試験的解禁の先行 全面開放ではない 今回の措置は全面開放ではなく、地域と規模を限定した試験的モデルを採用している。まず福建省と上海市を起点に選んだことは、交流を制御可能な範囲に収め、政策リスクを低減するとともに、外部からの政治的解釈の余地を狭める狙いがある。もともと海外旅行に慣れており、購買力も比較的高いのが上海市や福建省からの旅行者の特徴だ。彼らの台湾訪問は単なる観光にとどまらず、宿泊、飲食、そして地方での消費を促進する。従来の団体旅行とは異なり、個人旅行は消費の裾野が広く、地元住民が受ける経済的恩恵の波及効果もより明確になる。市場にとってこのような制度設計はインセンティブとして働き、交流を段階的に回復させるものだ。
条件付きの開放 単なる経済問題にとどまらず しかし、この一連の開放措置は、単純な経済・貿易や観光の取り決めではない。措置の内容を見ると、関連する交流の枠組みは既存の中台間の政治的基礎と連動しており、明確な前提条件が設定されている。換言すれば、これは無条件の市場開放ではなく、特定の枠組みの下で推進される政策設計である。これにより、問題は本質的な変化を遂げた。台湾が直面しているのは、もはや「交流を再開するか否か」ではなく、「既定の条件の下で交流を始動させるか」、そして「それらの条件に内包された政治的含意にどう応じるか」である。本来であれば実務レベルで処理できたはずのテーマが、徐々に政治的判断を要する問題へと変質しているのだ。

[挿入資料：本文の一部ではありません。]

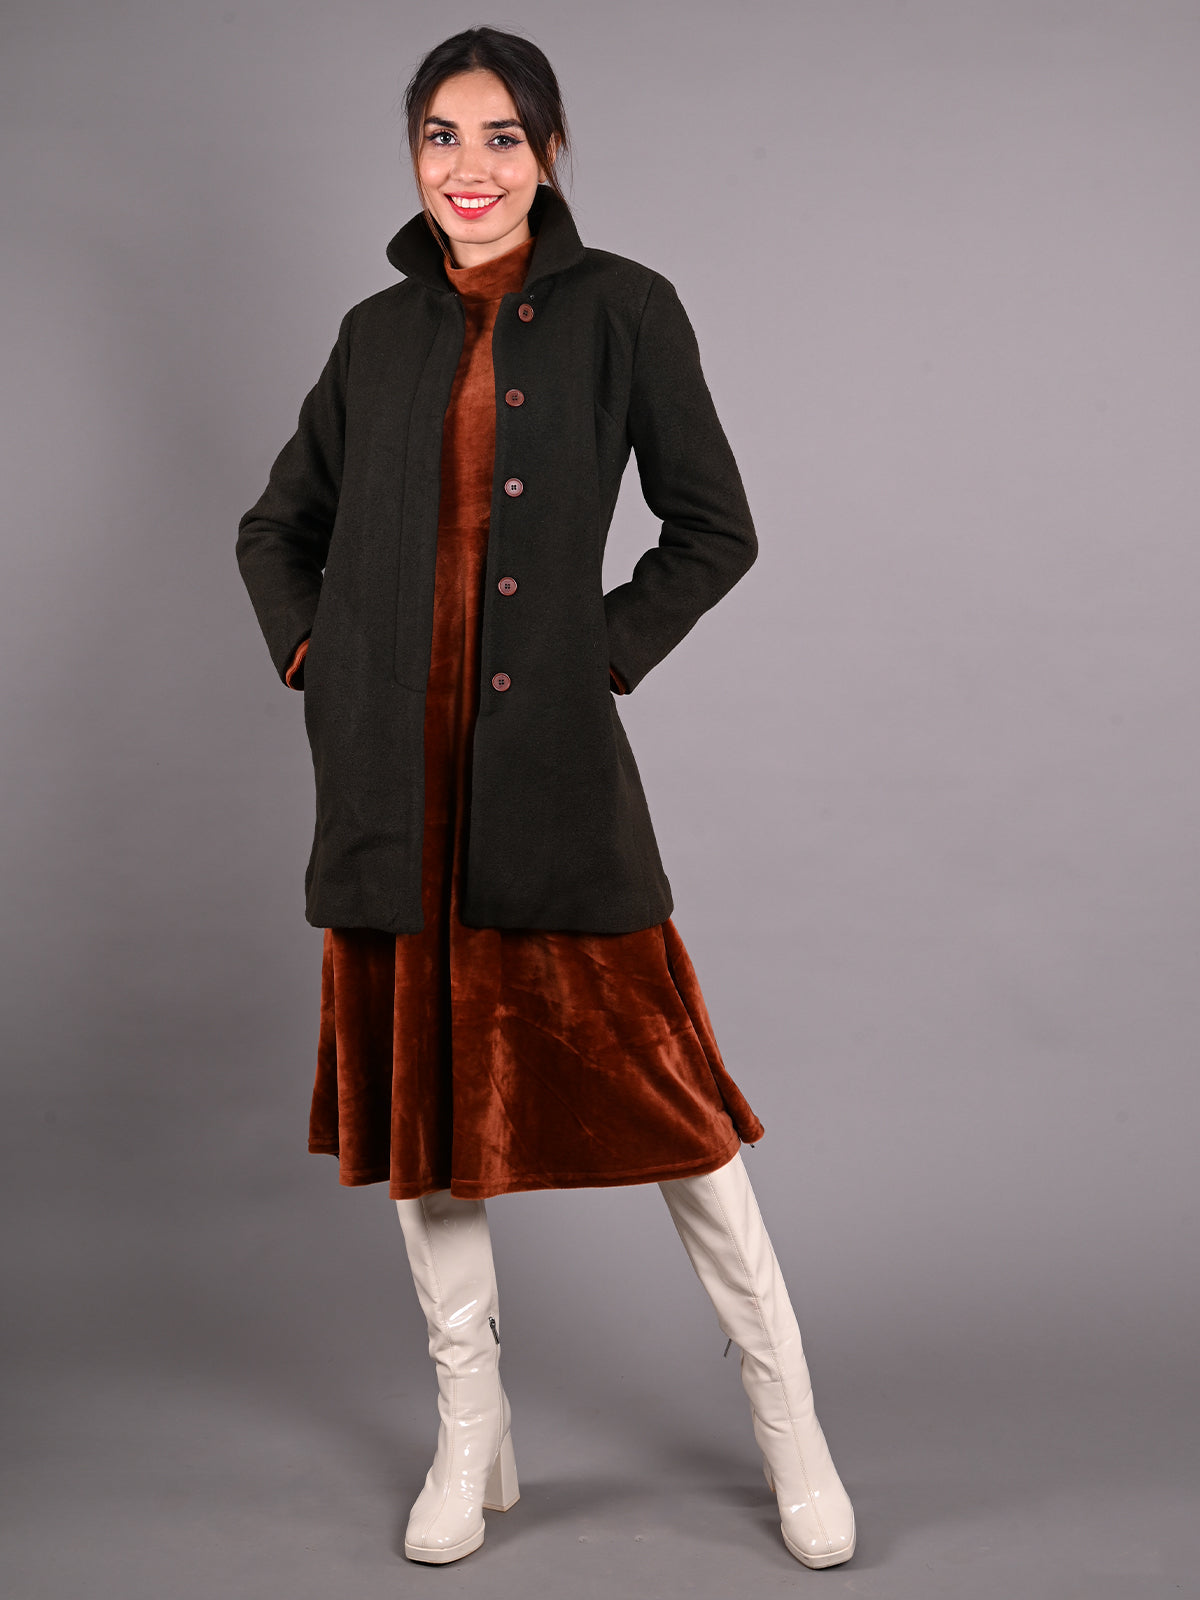 Winter Wool Long Coat Casual Embroidery Floral Jacket Wool & Blends Women  Overcoat Vintage Runway Elegant Double Breasted

対応のギャップ いまだ評価段階に停滞 対照的に、台湾側の対応は比較的慎重である。当初は需要とリスクの評価から着手したが、その後、政策および政治レベルの議論へと徐々に引き上げられた。実務レベルで解決可能だった問題が、より大きな議論の枠組みに組み込まれたことで、政策決定プロセスはさらに複雑化している。短期間に政策シグナルが変化し、全体的な対応が不安定な印象を与えている。中台間の相互作用はすでに始まっているにもかかわらず、台湾の政策決定は依然として「受け入れるべきか否か」の段階に留まっており、このギャップは市場や外部の観察者にも徐々に認識されつつある。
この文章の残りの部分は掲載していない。